**Given data:**
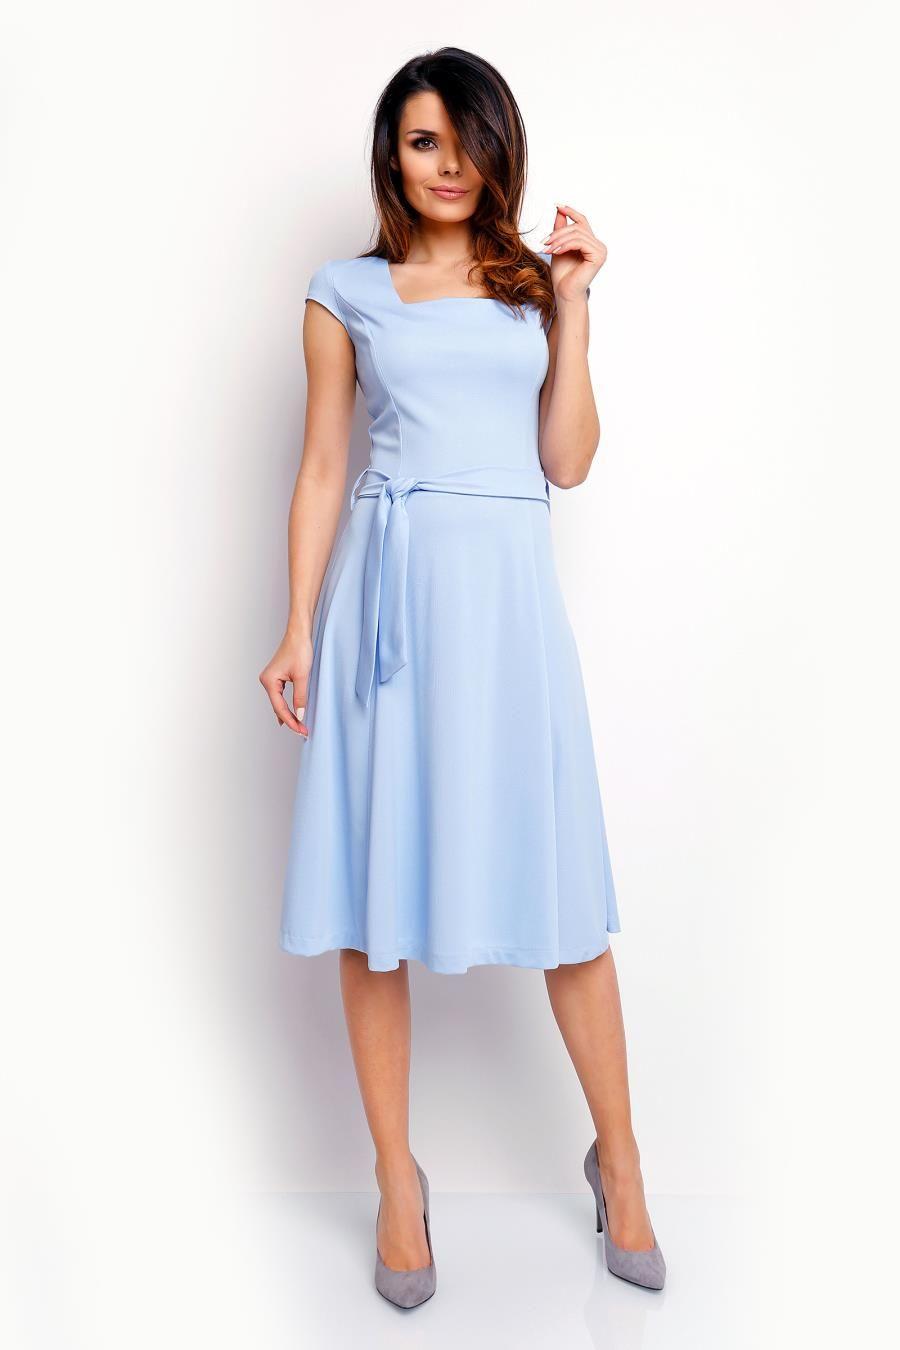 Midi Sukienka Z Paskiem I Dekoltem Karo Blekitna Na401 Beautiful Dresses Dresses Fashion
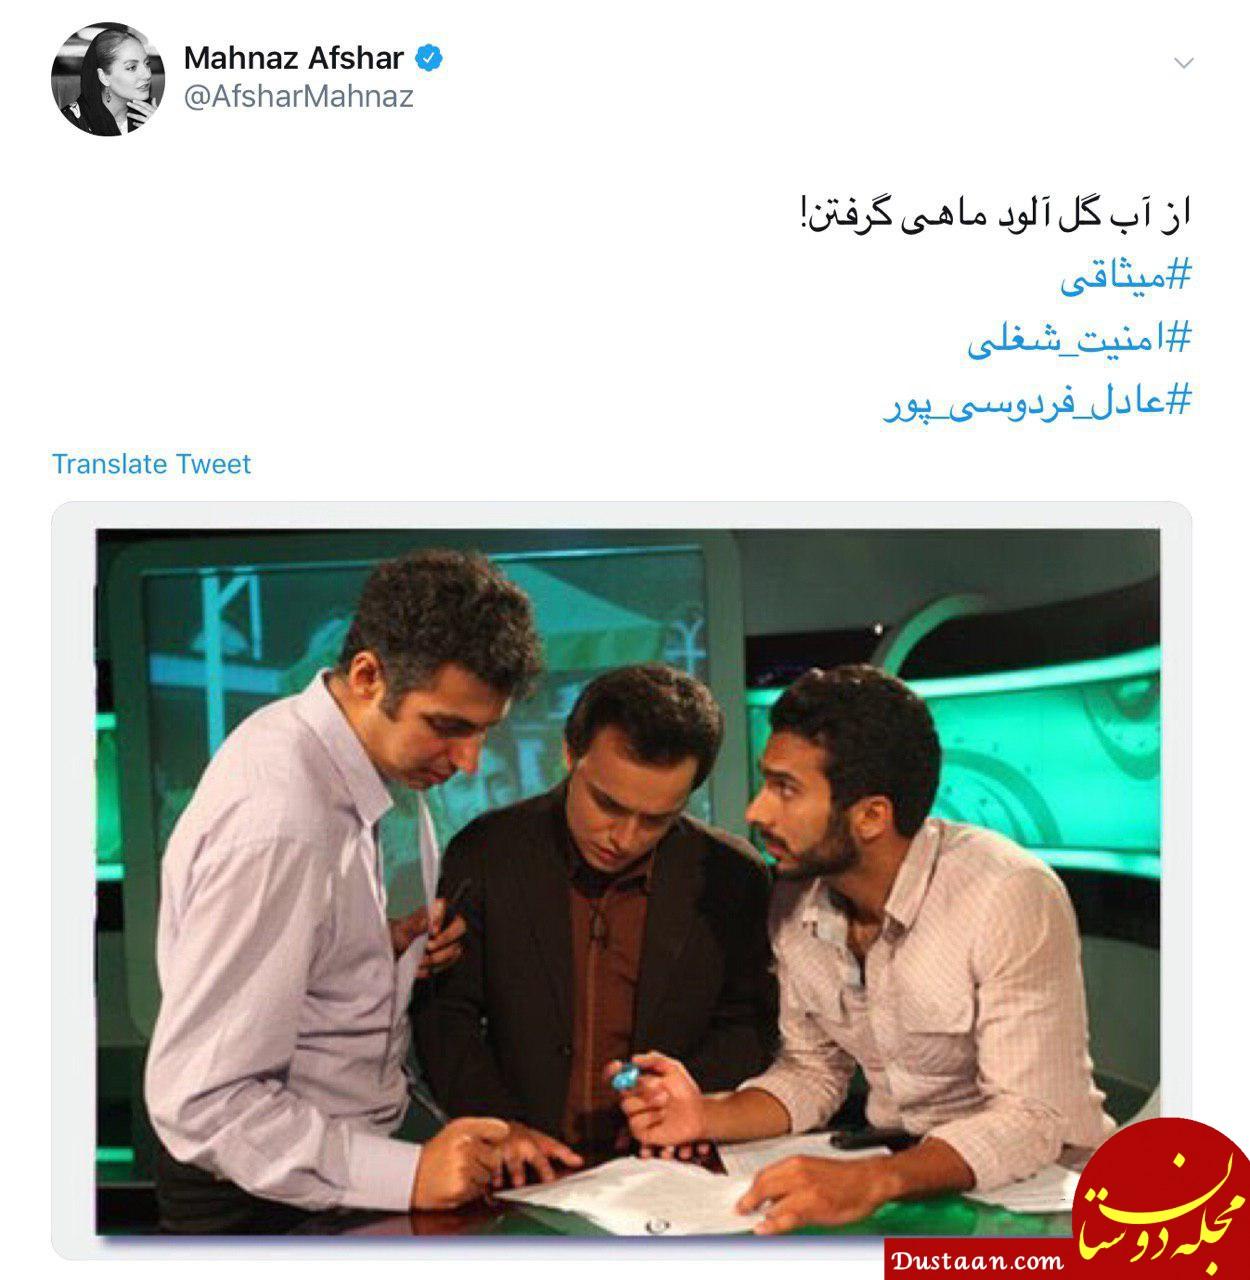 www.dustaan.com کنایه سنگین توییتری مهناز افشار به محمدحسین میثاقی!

...

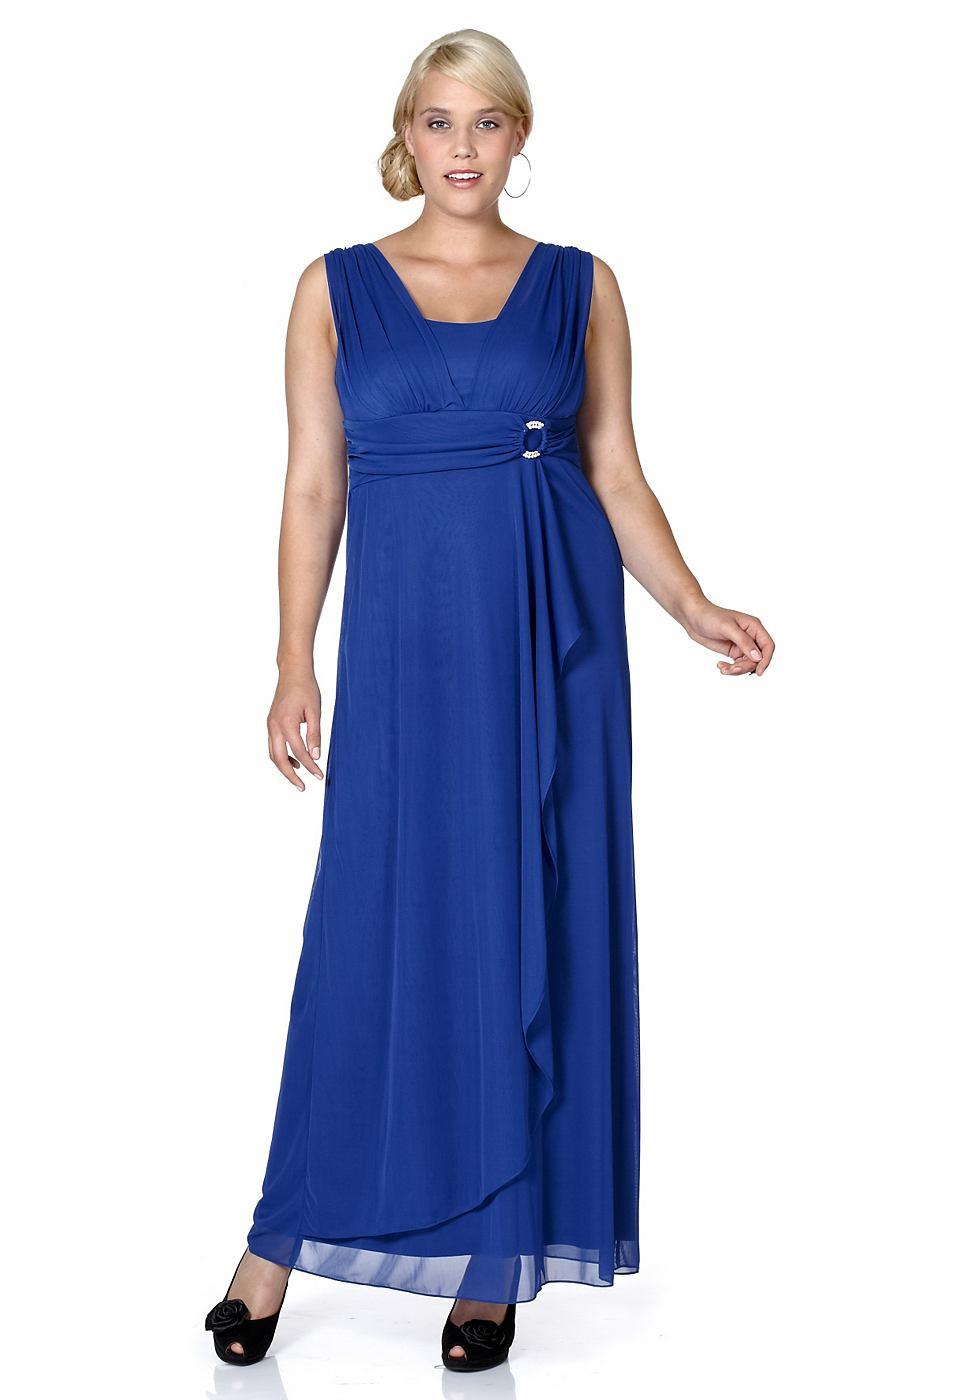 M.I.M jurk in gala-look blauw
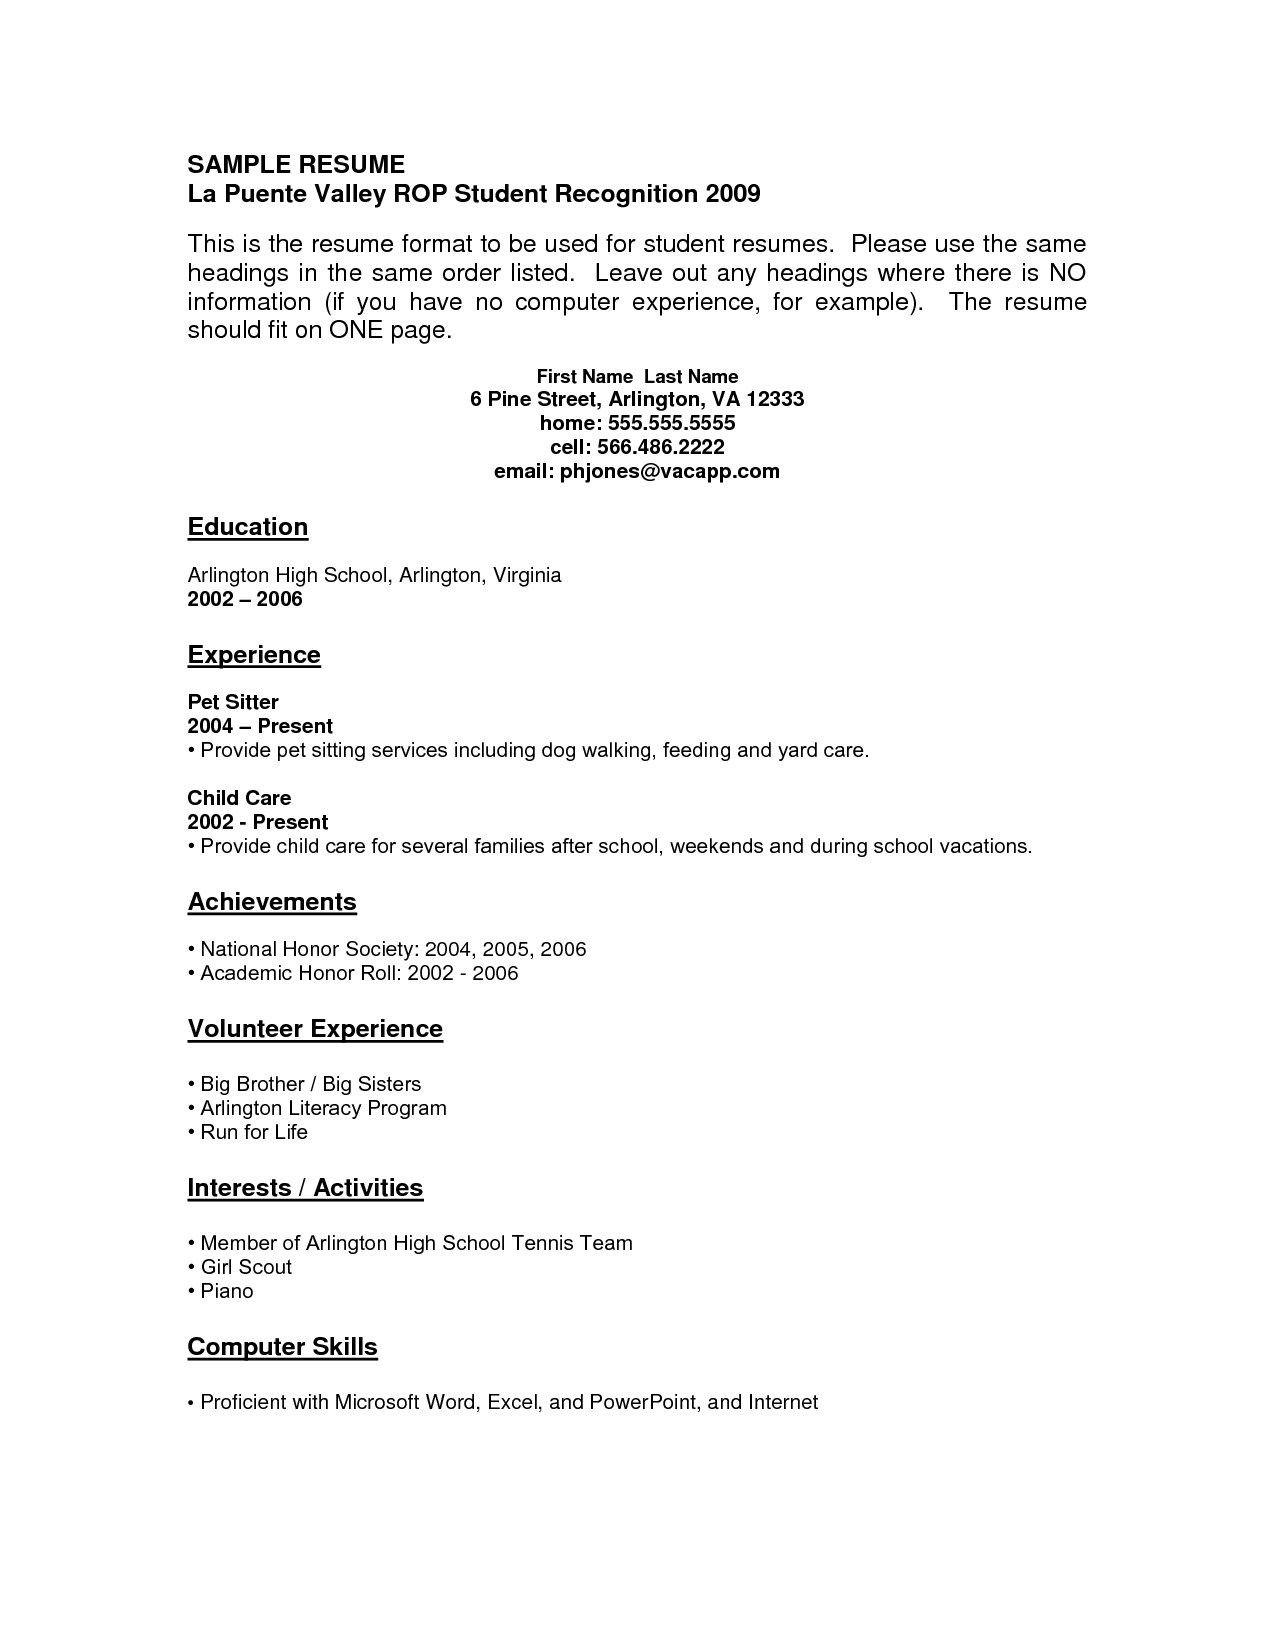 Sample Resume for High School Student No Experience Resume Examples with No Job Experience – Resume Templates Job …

**What you have to do:** What is needed is an exact copy of only the lines above from the one with "M.I.M jurk in gala-look blauw" to the one with "Sample Resume for", both kept, with every picture left out.

**Response box:**
 M.I.M jurk in gala-look blauw
 Sample Resume for High School Student No Experience Resume Examples with No Job Experience – Resume Templates Job …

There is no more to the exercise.